Sushi’s current administrative structure includes a DAO of community members with voting privileges, alongside an execution team that manages smart contracts and the front end of the protocol.
The new legal structure will split Sushi into three new entities: a Cayman Islands DAO Foundation, a Panamanian Foundation and a Panamanian Corporation.
The Cayman Island Foundation will oversee all administrative aspects of the DAO, including treasury, grants and on-chain governance management. It will also facilitate proposals and voting, and enter into agreements with service providers as part of the grant-making process.
Smart contracts related to Kashi — the exchange’s lending and margin trading platform and automated market maker — will be handled by the Panamanian Foundation, as well as staking.
The Panamanian Corporation, which will be a wholly owned subsidiary of the Panamanian Foundation, will manage and assist with developing and maintaining the web-facing apps that make Sushi’s protocol accessible to the public.

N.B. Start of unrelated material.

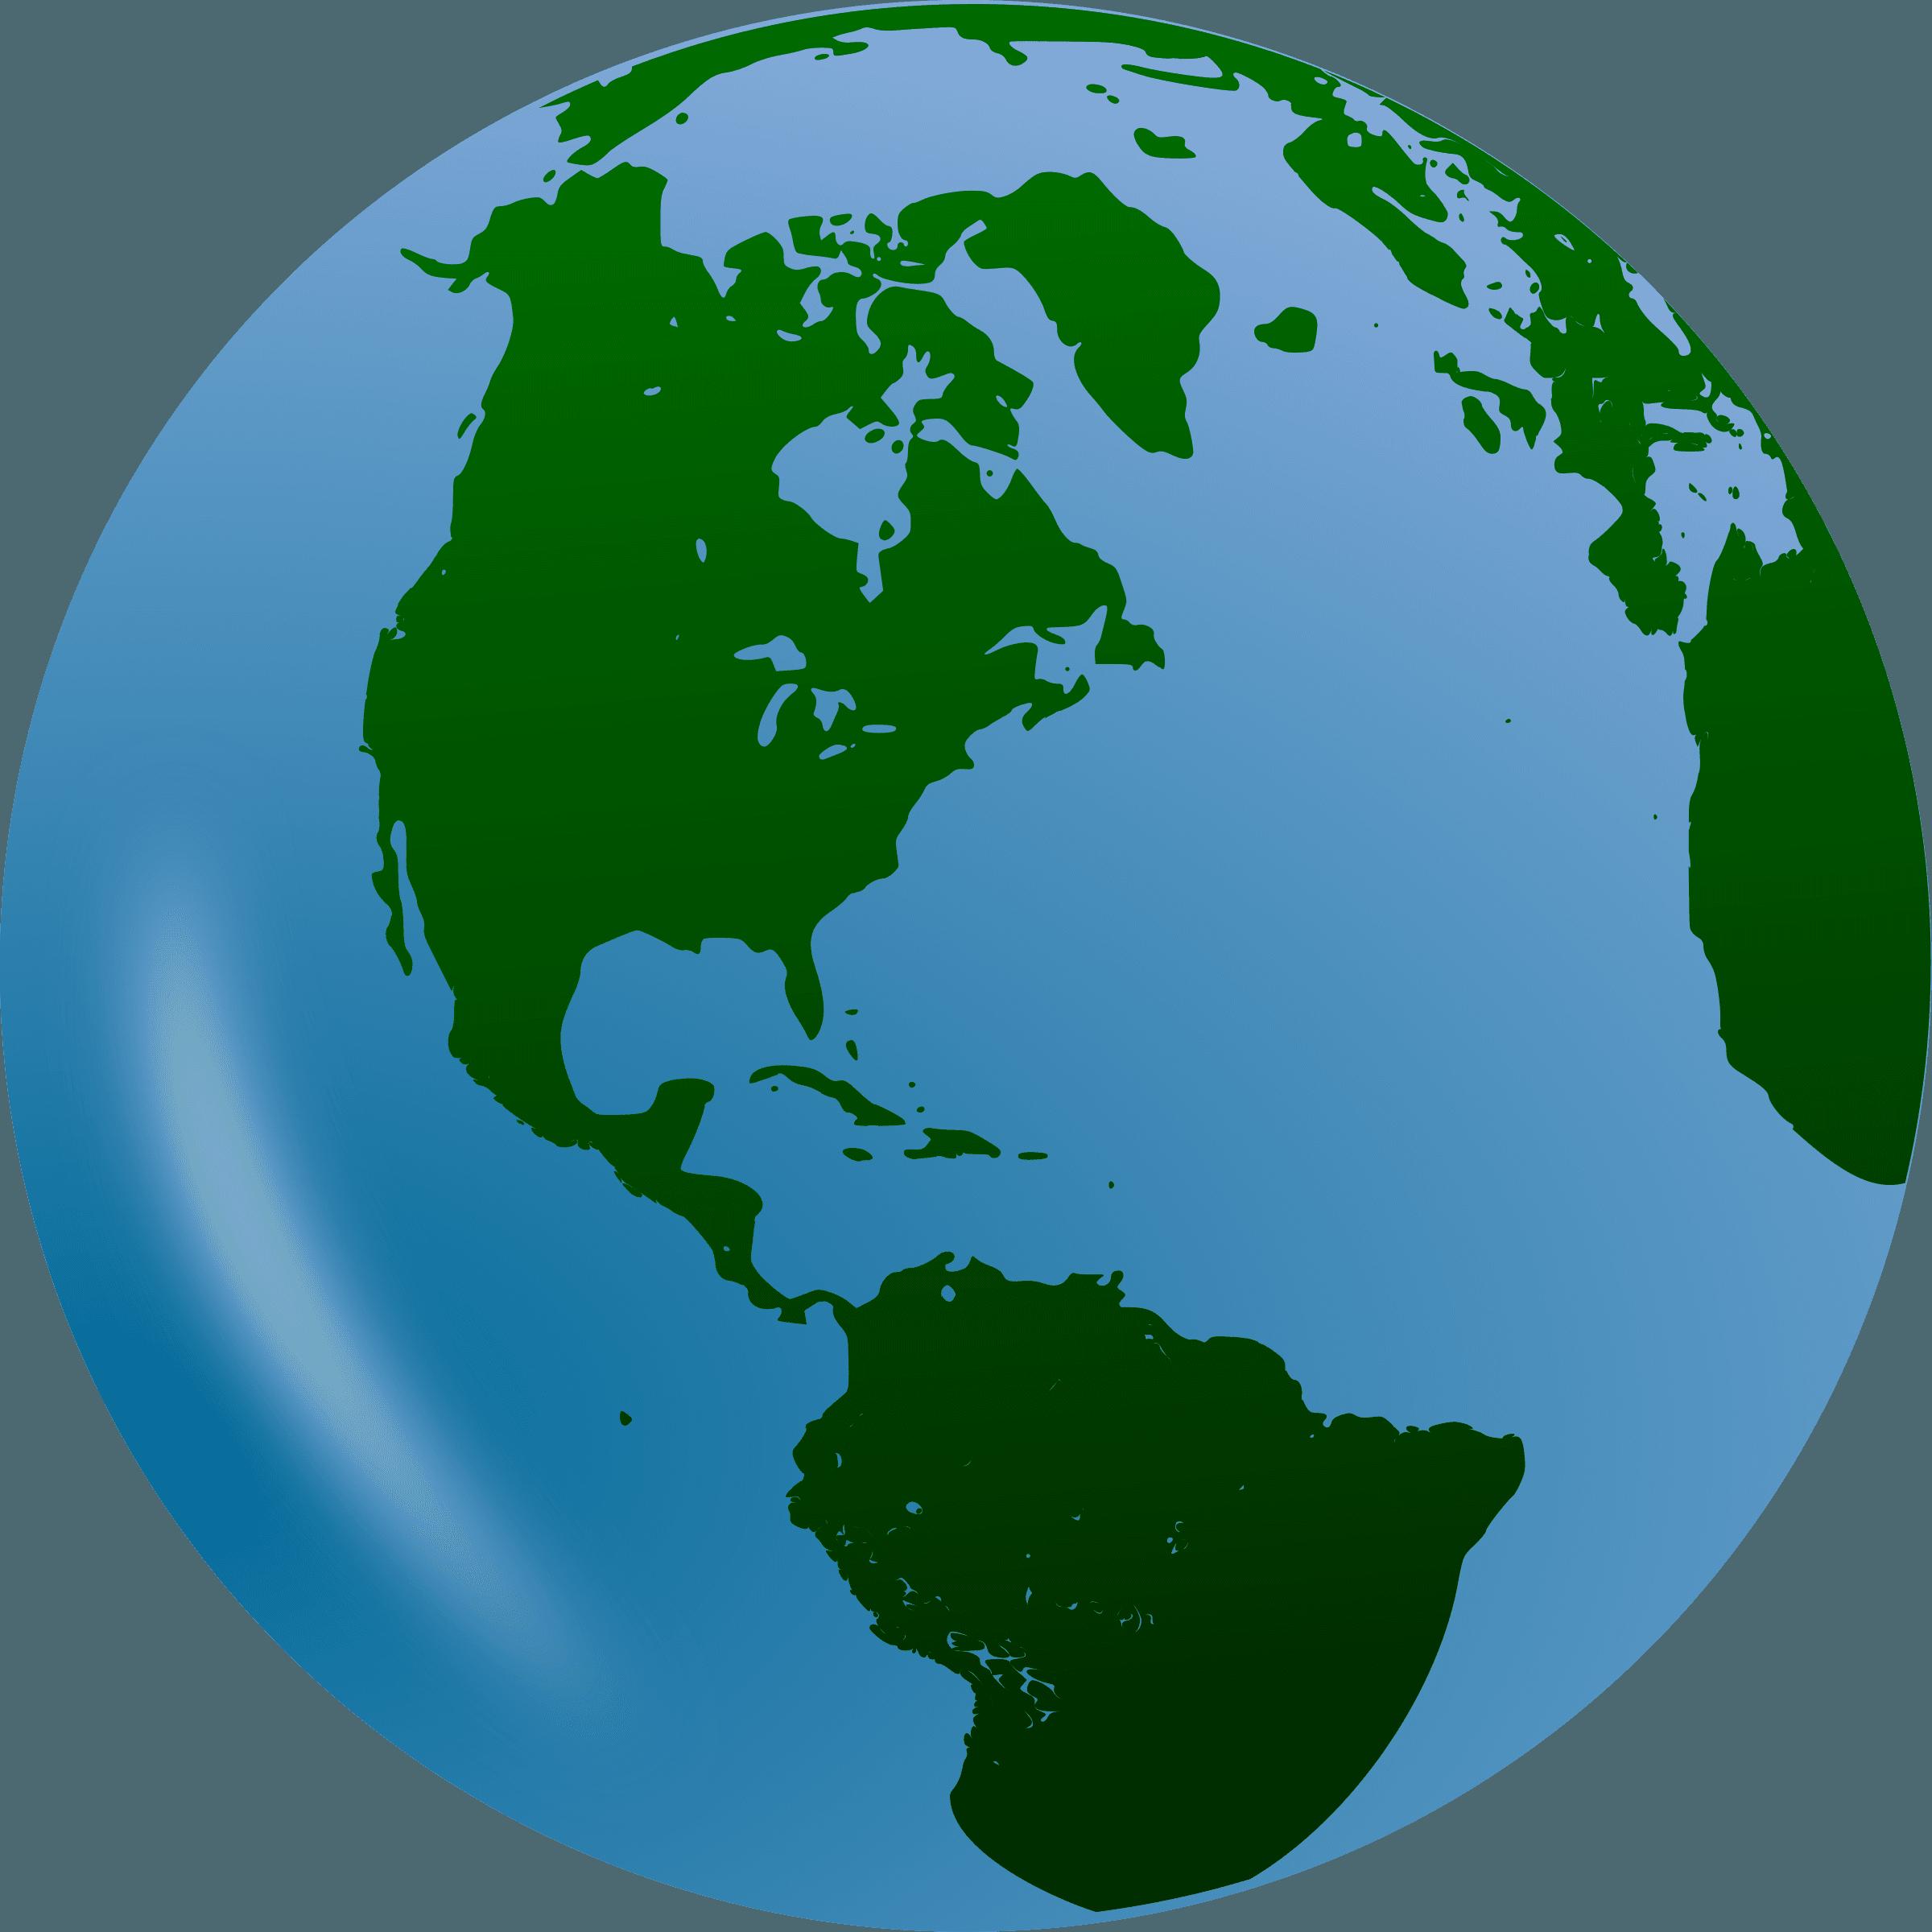 2400x2400 World Clip Art Globe Free Clipart Images 3

According to proposals, Sushi also looked into setting up governance in Switzerland but determined that it was inappropriate as the regulatory and taxation model was “not favorable to growth companies.”
SushiDAO opts to avoid “flawed” DAO legislation in Wyoming
Panama is an attractive place to incorporate due to its free economic zones, non-existent income and tax withholdings and physical proximity to the United States.
But Neil Bhasin, a community member of SushiDAO, said Panama was chosen to host its protocol governance as “Panamanian foundations are non-commercial in nature and do not have beneficial owners.”
Further, Bhasin highlighted that “the corporate formation process results in two entities that can separately house the protocol and GUI [graphical user interface] layers, which reduces the need to form additional entities.”
It is interesting to note that Wyoming, a US state which has catered to DAO LLCs, was not considered an appropriate home.
According to Bhasin, this was because “the Wyoming DAO legislation is widely accepted by those in the industry, including myself, as being flawed.”
“It’s also untested in the courts. We’re meant to be offering protection to devs and ops [developers and operations] folks, not exposing them to experimental, untested, poorly drafted legislation,” he said.